According to the survey, disapproval ratings are pretty similar across the board. Regardless of gender, age, or college education, 60 to 68 percent of New Jersey voters disapprove of Christie. And while Republicans have a more positive view with only 34 percent disapproving, this is counteracted by stronger disapproval ratings among Democrats and black voters, with 86 percent of both groups telling pollsters they disapprove of Christie.

“Gov. Christopher Christie is in Trenton until the end of 2017, if he wants to be, holding what is constitutionally one of the strongest governor's seats in the nation," adds Mr. Carroll. "But New Jersey voters give Christie abysmal job-approval numbers. Even a third of his fellow Republicans disapprove."

And as a potential vice presidential nominee, New Jersey voters also disapprove of Christie. When asked if Donald Trump should pick Chris Christie as his running mate, 64 percent of the state's Republicans and 75 percent of Democrats answered: No.

And a Monmouth University Poll earlier this month found similar results. Only 15 percent of the New Jersey Republicans surveyed said Christie would help Trump's presidential bid, while 37 percent said Christie would have no impact on Trump's chances and 41 percent said the New Jersey governor would actively hurt Trump in the general election. 

And it's not a question of New Jersey voters wanting to keep their governor away from an ill-fated candidate: 79 percent of voters said they will vote for Trump in November.

"It's hard to imagine any running mate who could kill the Trump buzz, but the voters who know Chris Christie best think he might be that guy," Patrick Murray, director of the Monmouth University Polling Institute, tells NJ Advance Media.

Trump has said he doesn't plan to announce his running mate until the Republican National Convention in July, but that has not stopped the rumors from circulating.

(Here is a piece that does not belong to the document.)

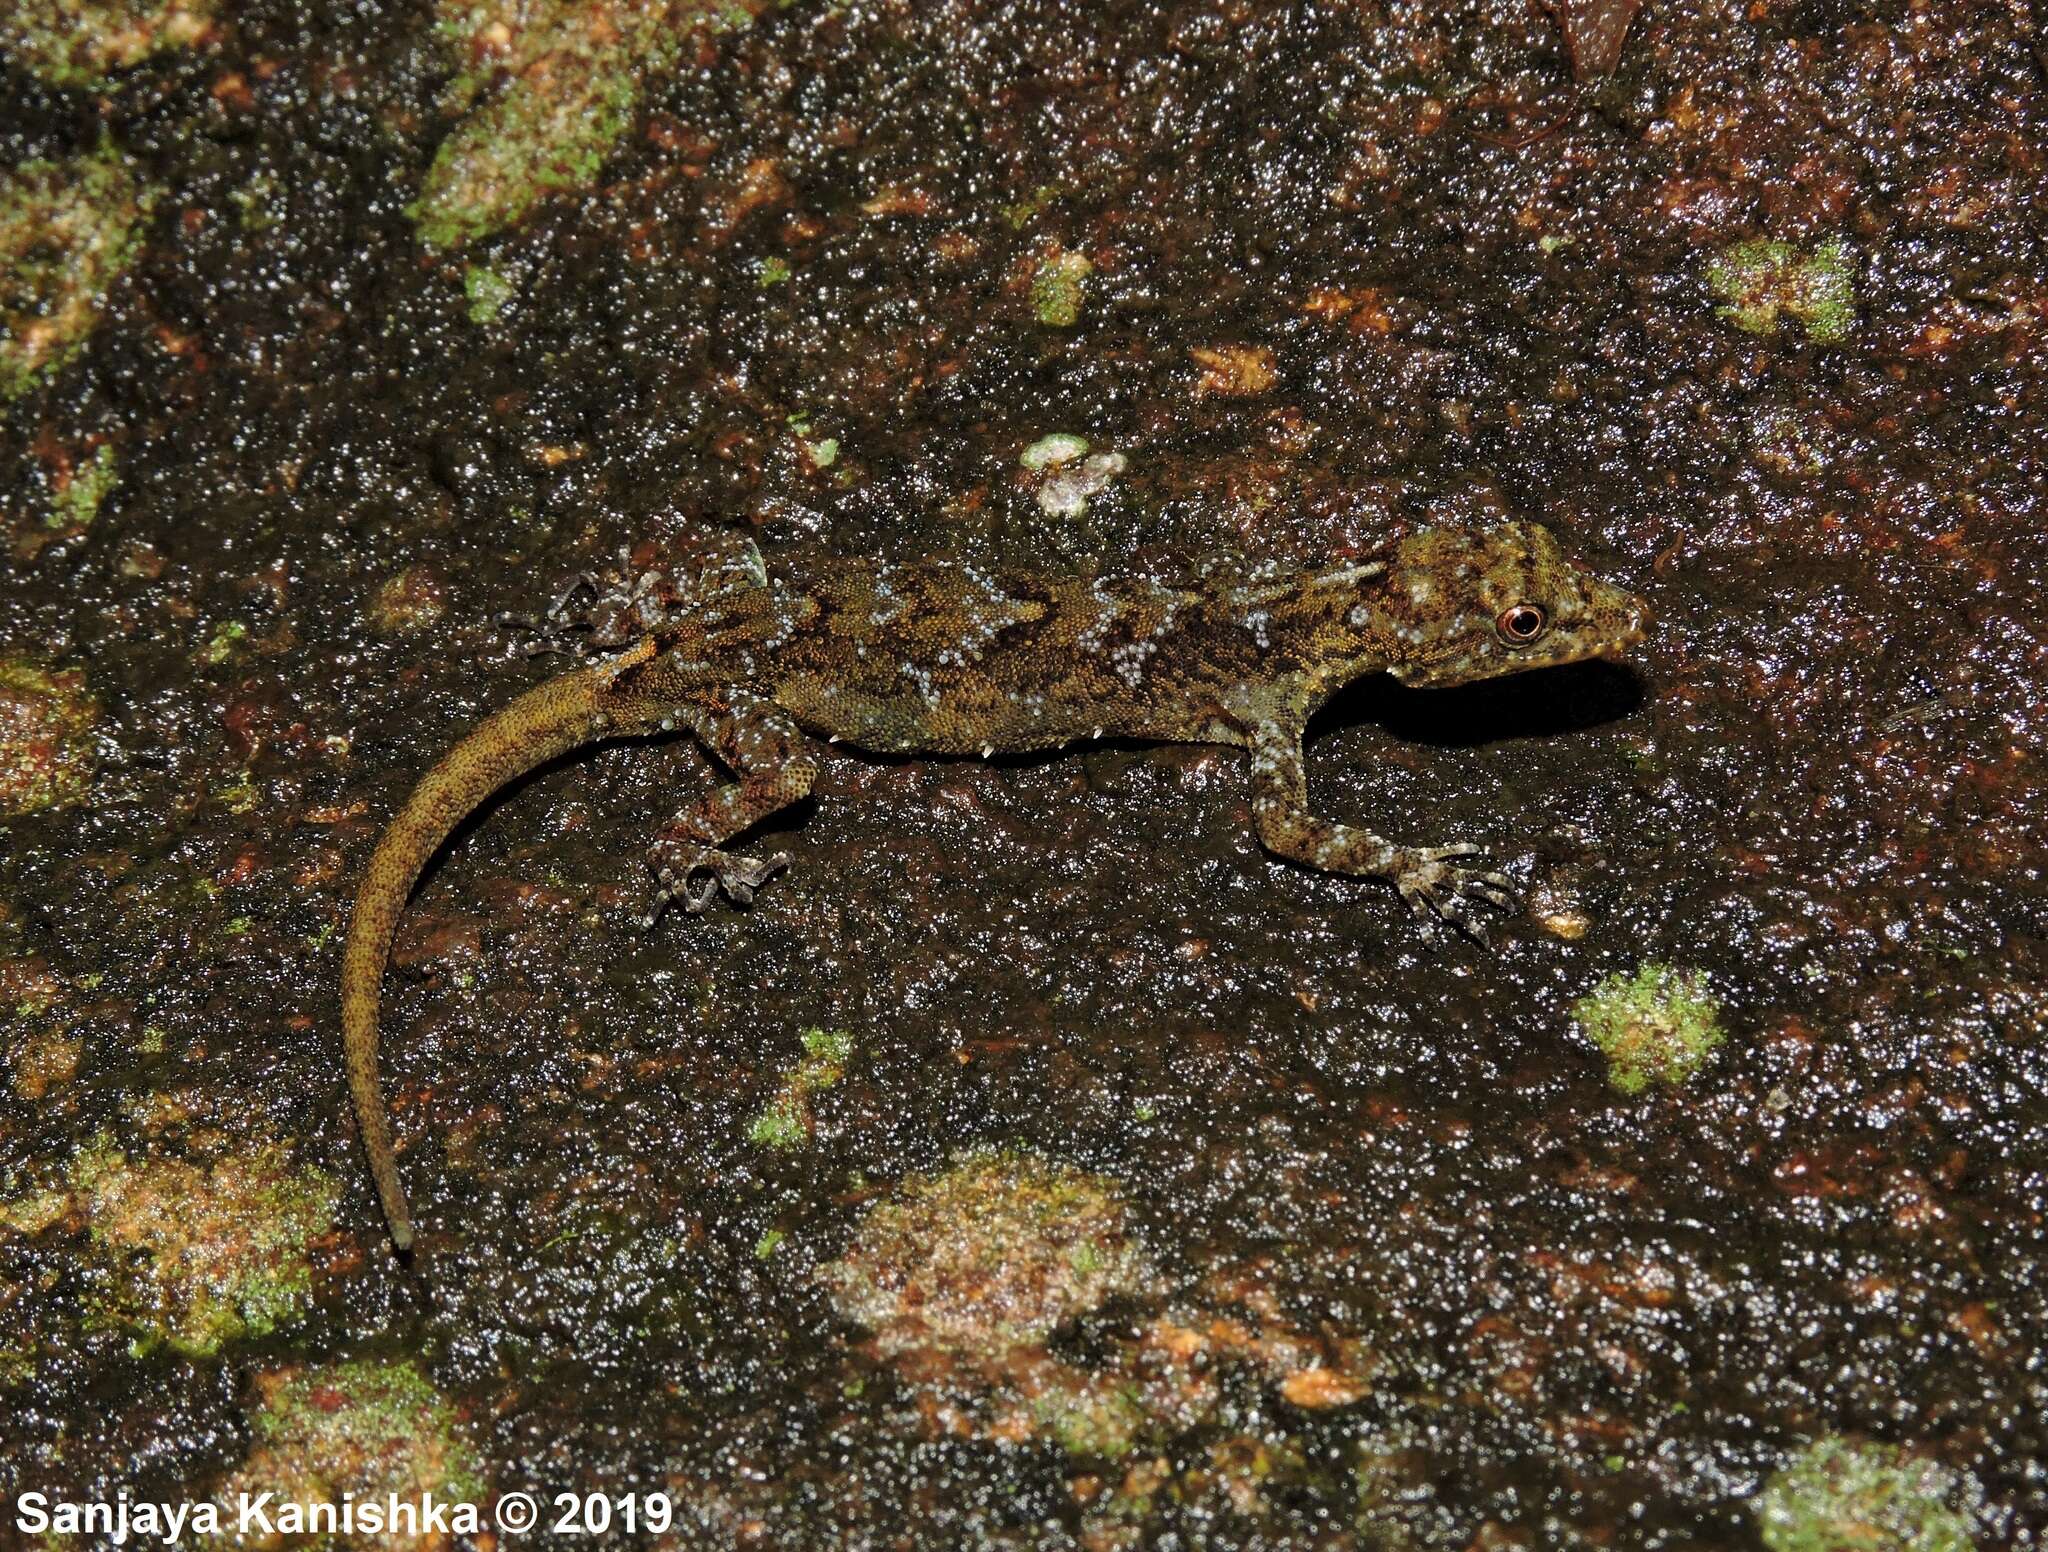 Image of Samanala day gecko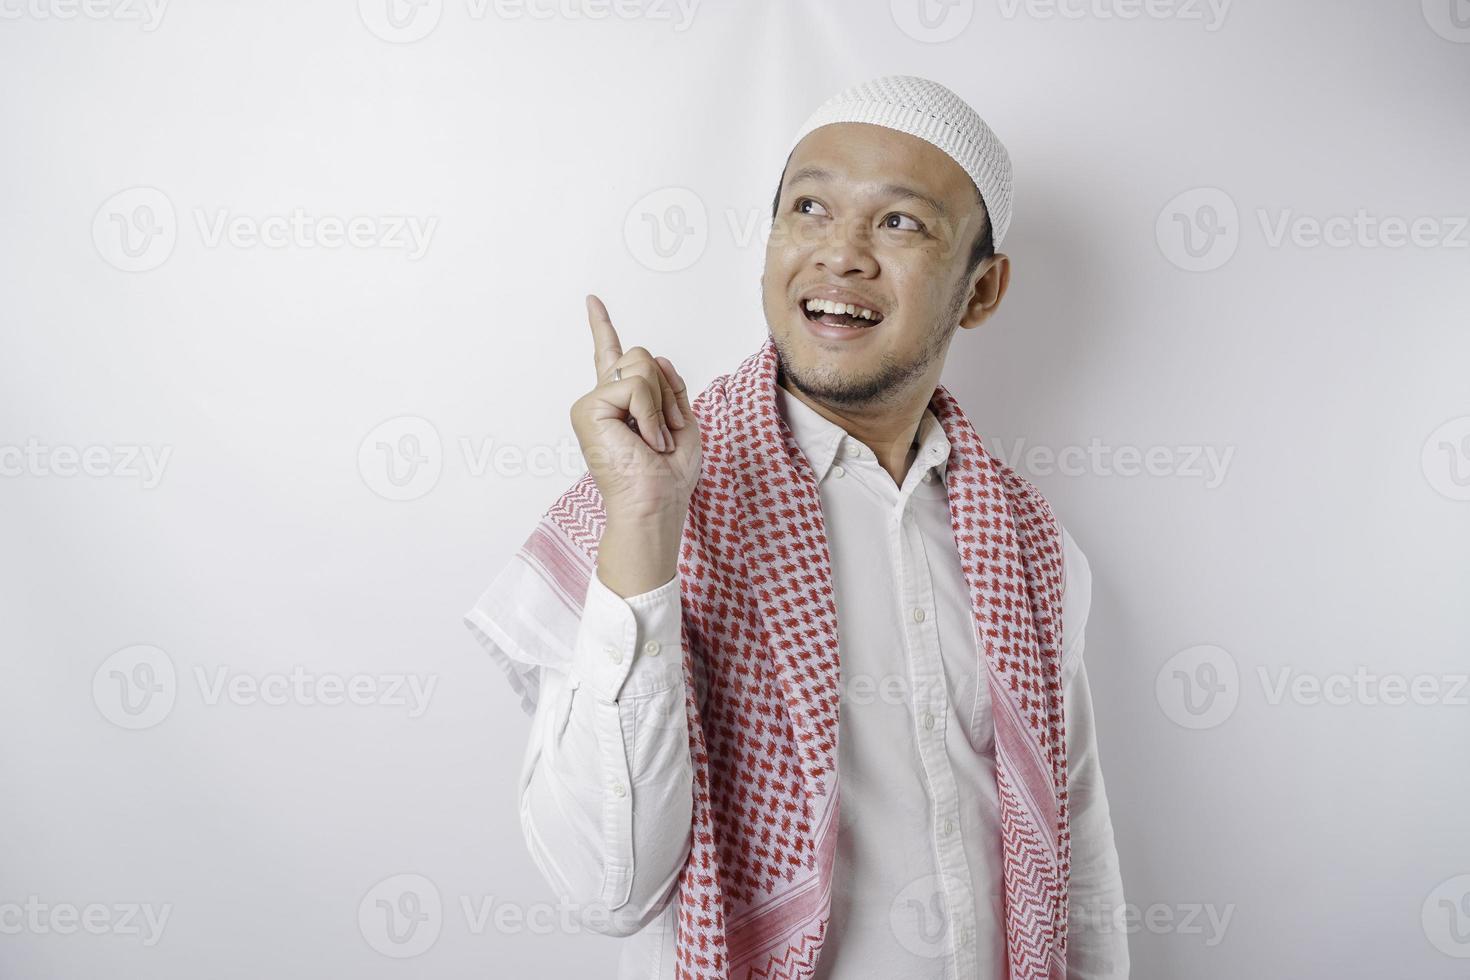 homme musulman asiatique excité pointant vers l'espace de copie à côté de lui, isolé sur fond blanc photo

Former Republican presidential candidate Ben Carson tells The Washington Post that Trump has already narrowed down the possibilities to a shortlist of potential candidates. Mr. Carson says his own name is on this list, as well as former presidential candidates Ohio Gov. John Kasich (R), Sen. Marco Rubio (R) of Florida, Sen. Ted Cruz (R) of Texas, Christie, and former Republican vice presidential candidate Sarah Palin. 

Some sources say Christie is a viable candidate. Not only was Christie the first rival primary candidate to endorse Trump, but the presumed Republican nominee has also appointed Christie to lead his White House transition team. 

"The New Jersey governor, also known for his brash, straight-talking style, would help Trump preserve his outsider image while also bringing the Washington relationship and political experience Trump is looking for," suggests CNN's Jeremy Diamond. "Beyond the connections he brings from his time as chairman of the Republican Governors Association, Christie played up his national security experience from dealing with terrorism cases as a US attorney during his 2016 bid."

The Quinnipiac poll release comes a day before Trump and Christie are expected to headline two separate fundraisers together, one with individual tickets costing $25,000 and the other with tickets costing $200. The revenue from the fundraisers will help to pay back the GOP's $500,000 in legal fees incurred from the Governor's Bridgegate scandal and Christie's $250,000 presidential campaign debt.